The warlord is a very cheap and excellent fighting character, including to serve as a general. It is very common to put the warlord on a war litter because of the extra armour save and attacks the war litter provides (essentially four stormvermin on a 40x40 mm base carrying the warlord above them, so it is easy to make). Thus, you can afford one grey seer and one warlord in most lists at 2400 to 2500 points. This character can kill and survive combat quite well if kitted properly. 

Assasins are out of favour, too expensive with the step and supporting attacks rules. 

Warlock engineers are common and cheap.
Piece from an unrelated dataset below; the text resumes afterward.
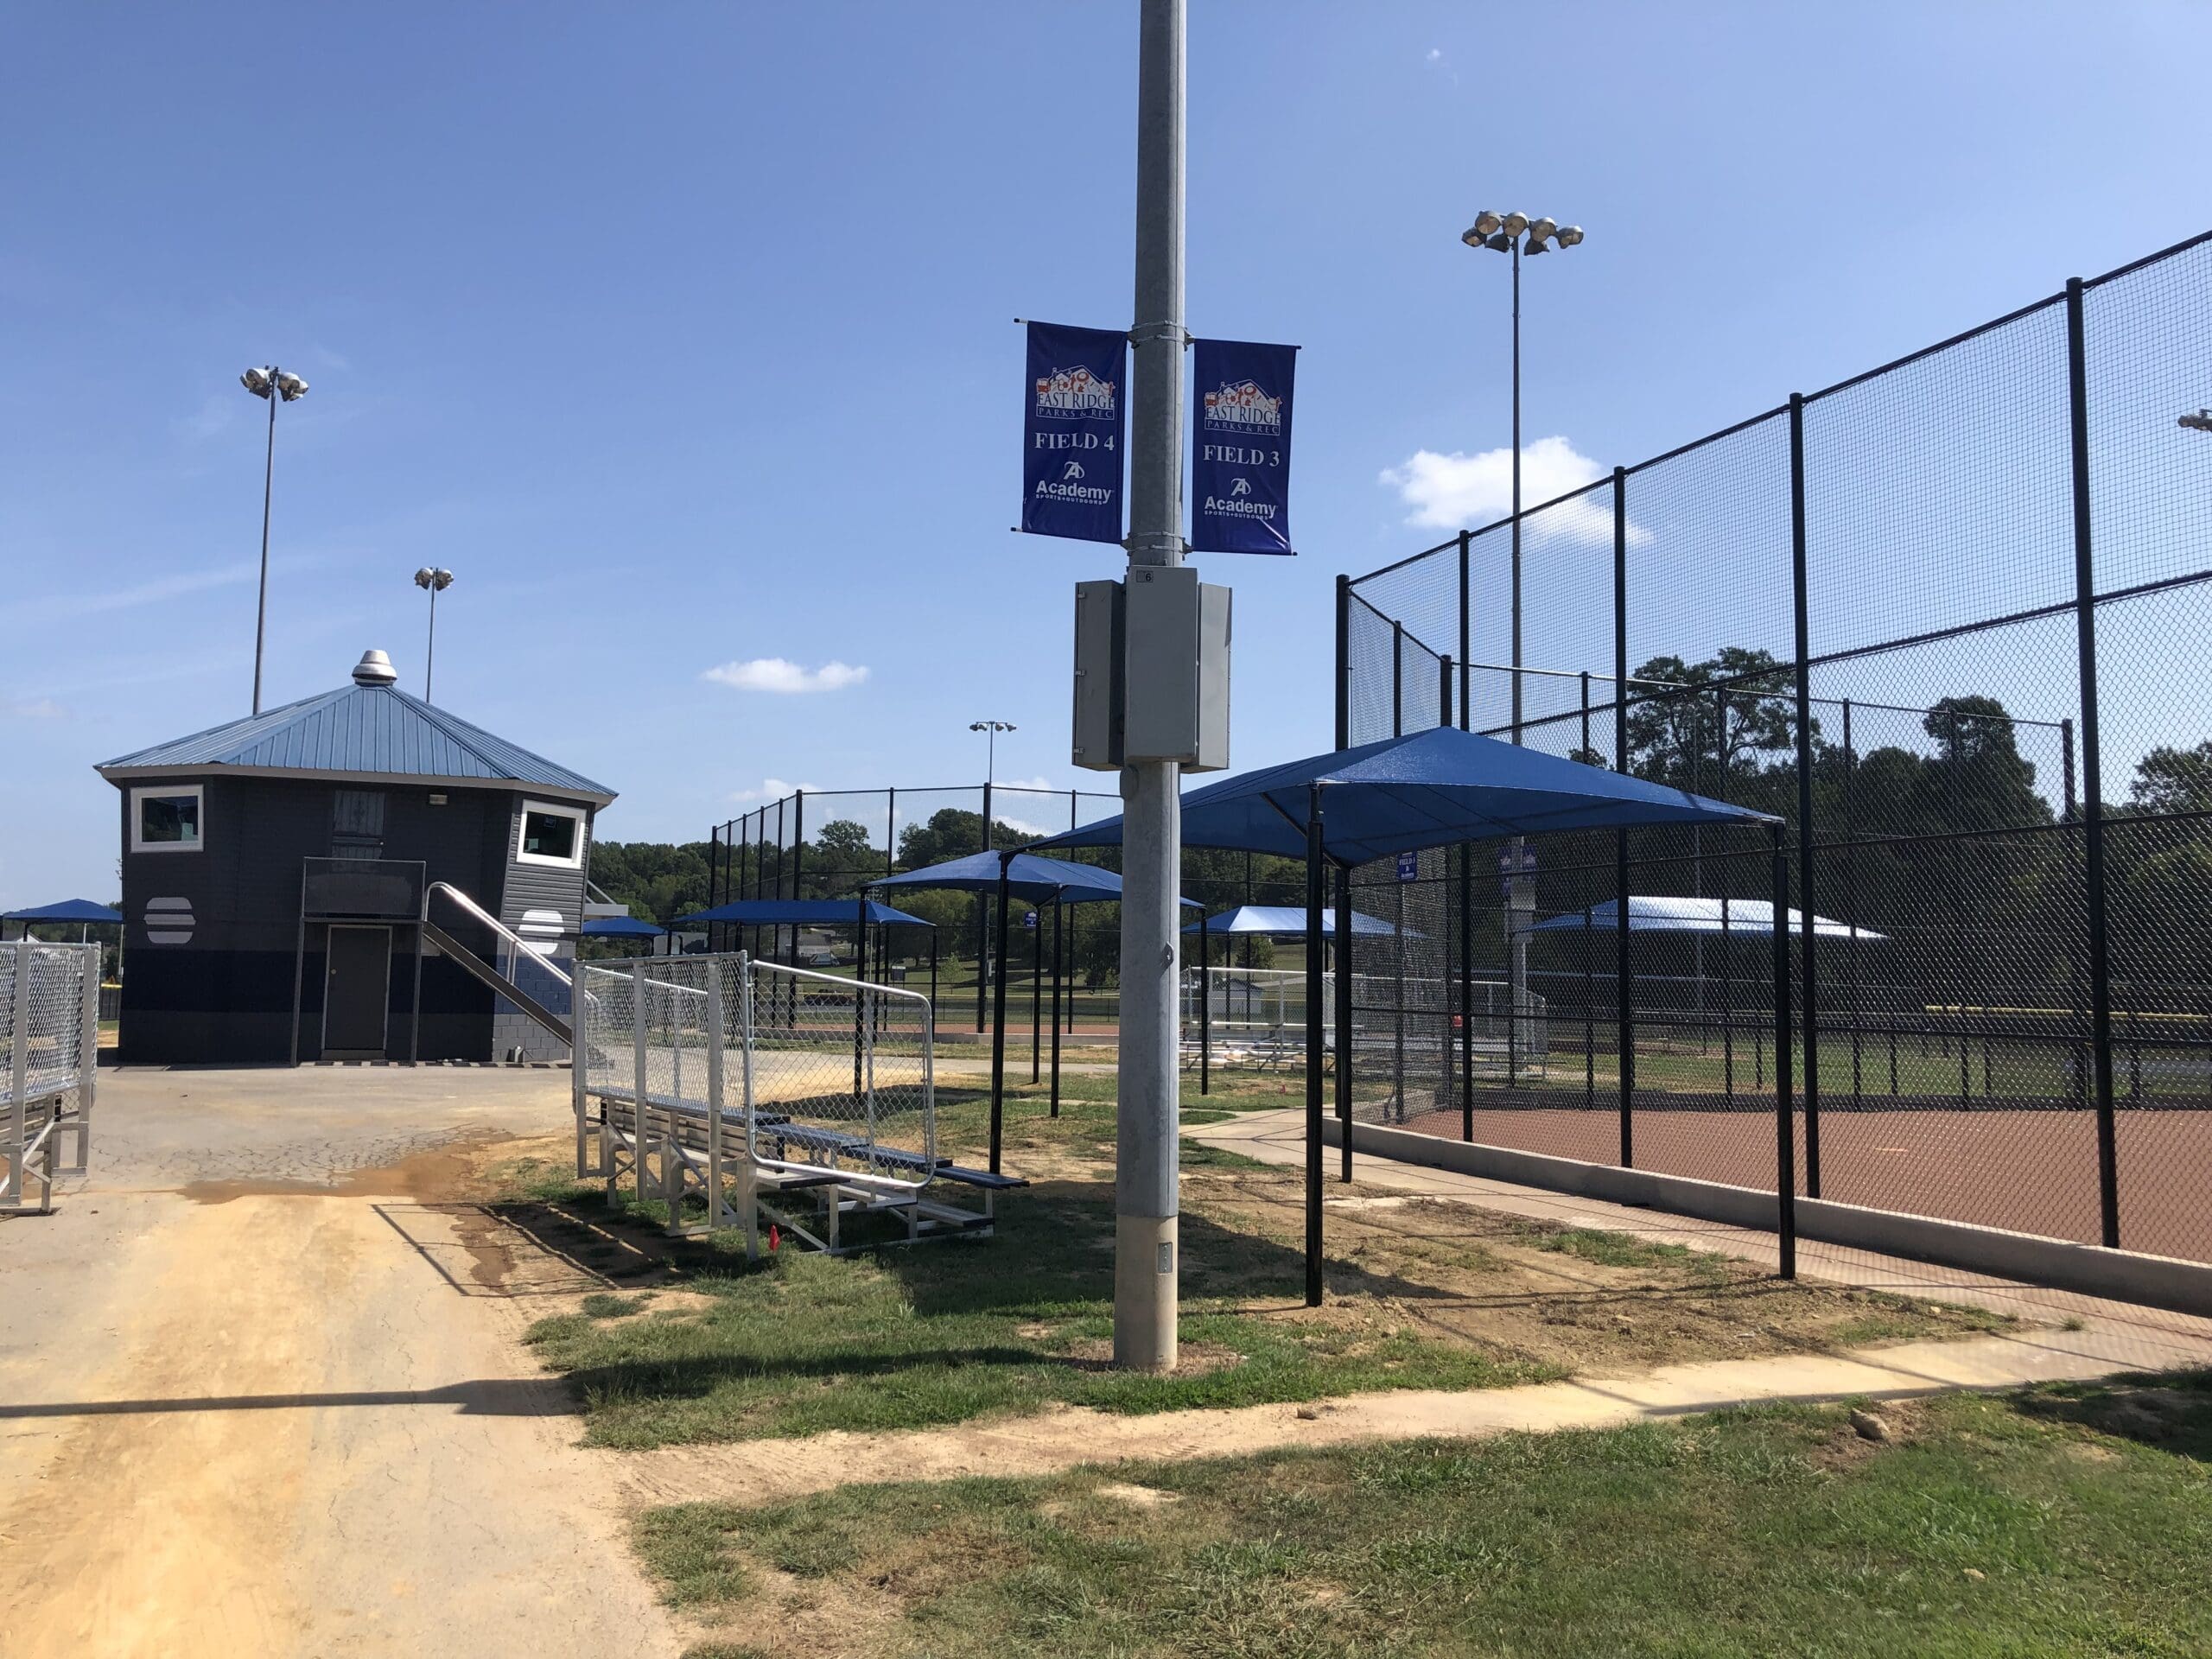 shade structures at baseball stadiums protect viewers
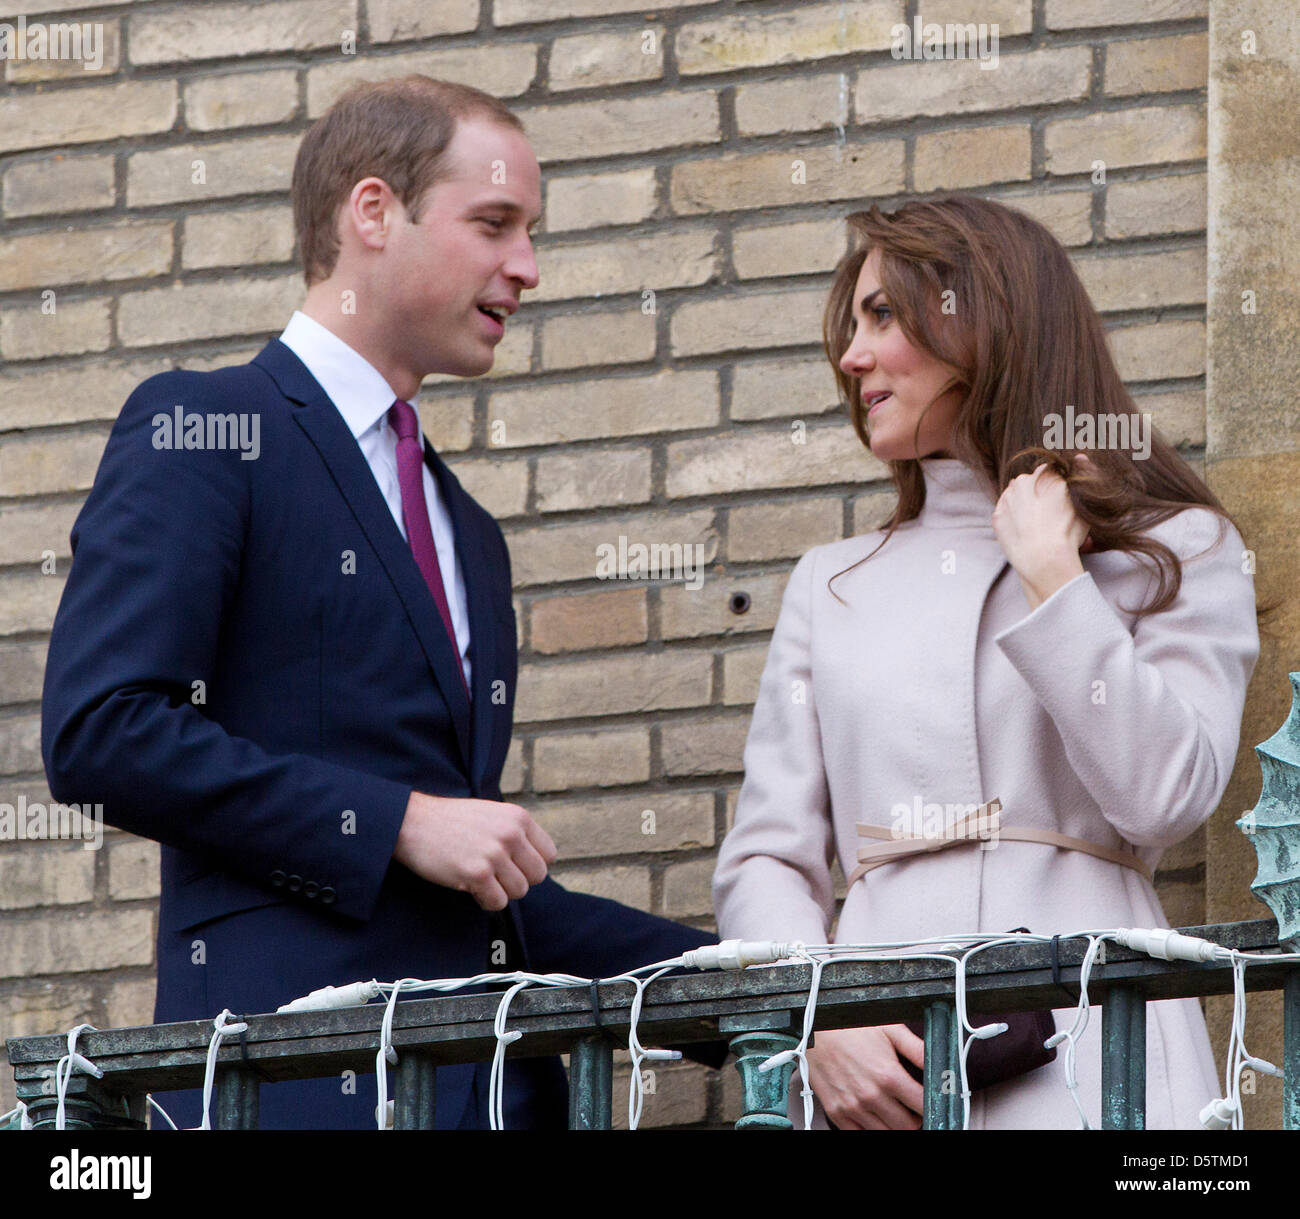 Britain's Prince William and Catherine, The Duke and Duchess of Cambridge visit the Guildhall in Cambridge, United Kingdom, 28 November 2012. Photo: Patrick van Katwijk - NETHERLANDS OUT Stock Photo

They can be cheap wizards, cheap means of carrying extra magic items (such as magic resistance for the unit with the lords in it), and carry special weapons. Consider a few of these in an army collection. 

One chieftan is required for the BSB re-roll and the goal should be to keep this guy protected and alive to allow for re-rolls of panic and break tests within 12" of the BSB. 

Plague priests are great if you get one or two of the plague spells but are really optional. They are more expensive wizards but are tough and can fight well. It is not uncommon to have one in an army (either on the furnace or in a unit of plague monks). 

Because of the Island of Blood started kit being skaven and high elves, you can buy the kit and swap with someone that wants to high elves or sell them on e-bay and buy on discounts skaven clan rats and certain other models on e-bay. You need a lot of those clan rats. While I very much believe in supporting local retailers (not necessarily the GW store) that support the game, Skaven is an army where one can and probably look to help out by buying used a lot of the stuff (plus it might save a lot of time assembling and maybe painting models) online or from local players looking to exit the game.


----------